Reference + calculator
Pulldown & audio sync
When footage moves between frame rates, speed and audio change. This works out the speed shift, pitch, the audio sample-rate to "pull", and how far sound drifts out of sync over time.
Common conversions
| From → To | Speed | Audio | Name |
|---|---|---|---|
| 24 → 23.976 | −0.1% | 48000 → 47952 Hz | NTSC pulldown |
| 23.976 → 24 | +0.1% | 47952 → 48000 Hz | NTSC pullup |
| 30 → 29.97 | −0.1% | pull down 0.1% | NTSC pulldown |
| 24 → 25 | +4.17% | pitch ~+0.7 st | PAL speed-up |
| 25 → 24 | −4.0% | pitch ~−0.7 st | PAL slow-down |
What is 1000/1001?
NTSC "drops" the rate by a factor of exactly 1000/1001 (≈0.0999%) for historical color-subcarrier reasons.
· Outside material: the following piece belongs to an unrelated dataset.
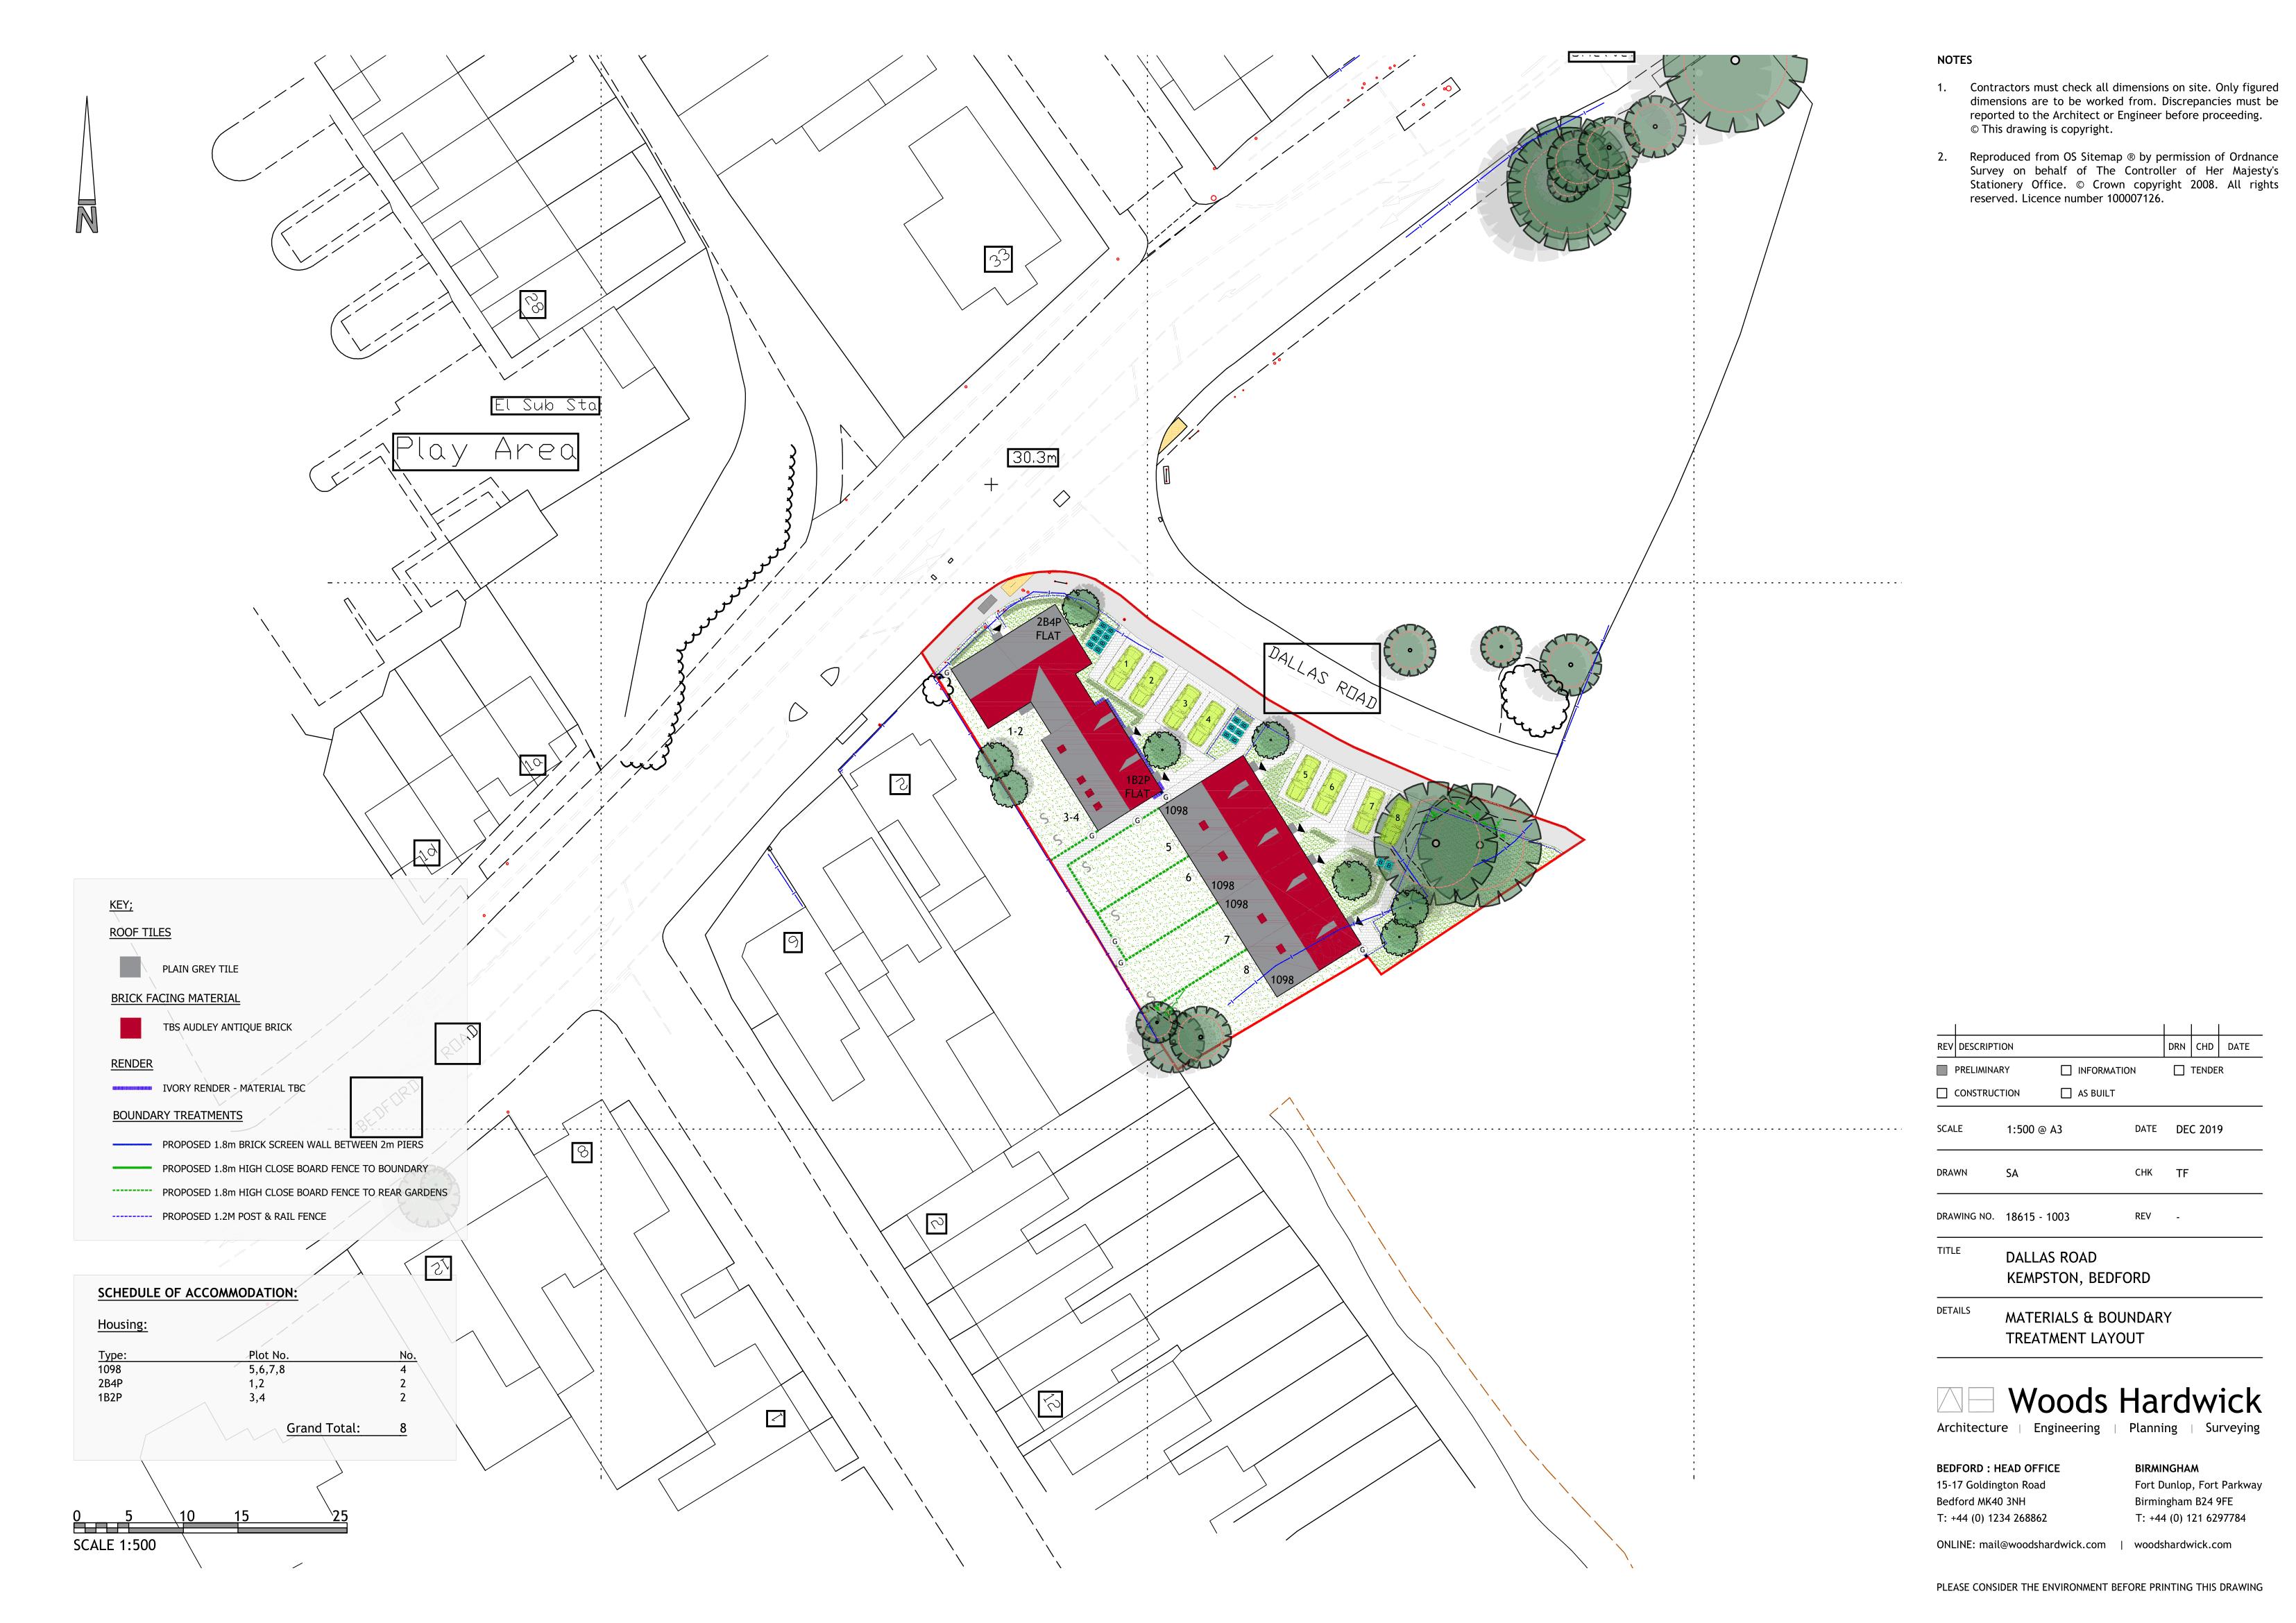 Materials Plan - 1003-1

So 24 fps becomes 23.976, 30 becomes 29.97, and 48 kHz audio paired with them is sometimes run at 47.952 kHz.
Pull vs frame-rate conversion
A "pull" just reinterprets existing frames/samples at a slightly different rate (no new frames). A true frame-rate conversion (e.g. 24→25 for content, not speed) creates new frames via blending or optical flow and is a different operation.